As shown by Fig. 12, these thermocouples were very closely spaced and were within a more spatially dynamic region of temperatures. Although the imagery does not have the resolution necessary to effectively compare to these closely spaced thermocouples, the imagery does provide good qualitative information in the DTO region.
Figure 12: Comparison of temperatures in the DTO wedge region. Upper right is portion of shuttle port wing with DTO thermocouple locations placed in Discovery STS-119. Upper left is zoomed region of 2D temperature image at GMT 19:01:52.658. Lower left is zoomed region of 3D Surface Temperature map and overlaid thermocouple locations. Here, the opening angle of the wedge appears to be 21° ± 2° on an axis inclined 17° ± 1° to the center line. Lower right is plot of temperatures along the line profiles in the imagery and the six thermocouple values along the line profile.
VII. Conclusions and Next Steps We have gone full circle to provide the first geometrically accurate (i.e., 3-D) temperature maps of the entire
windward surface of the Space Shuttle during hypersonic reentry. We took estimated surface temperatures derived from CFD models at integral high Mach numbers and used them, the Shuttle’s surface properties and reasonable estimates of the sensor-to-target geometry to predict the emitted spectral radiance from the surface (in units of W sr-1 m-2 nm-1).
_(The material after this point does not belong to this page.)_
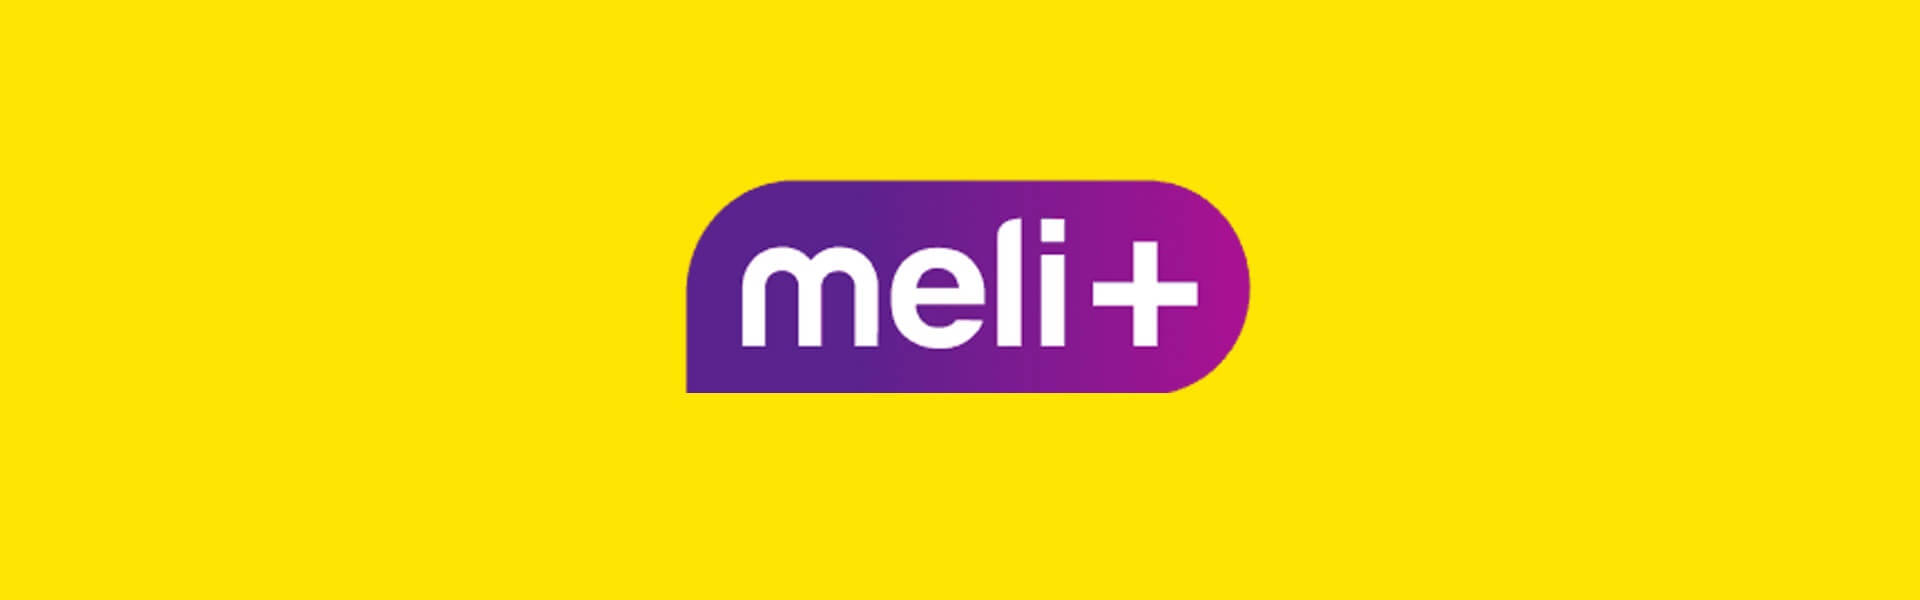 Meli+: ¿qué es y cómo funciona la suscripción de Mercado Libre?

These data were converted to sensor counts using properties of the sensor (e.g. aperture, spectral band, various efficiencies, and the calibration), the expected background, and the atmosphere transmission to inform the optimal settings for the near-infrared and midwave IR cameras on the Cast Glance aircraft. Once these data were collected, calibrated, edited, registered and co-added we formed both 2-D maps of the scene in the above units and 3-D maps of the bottom surface in temperature that could be compared with not only the initial inputs but also thermocouple data from the Shuttle itself.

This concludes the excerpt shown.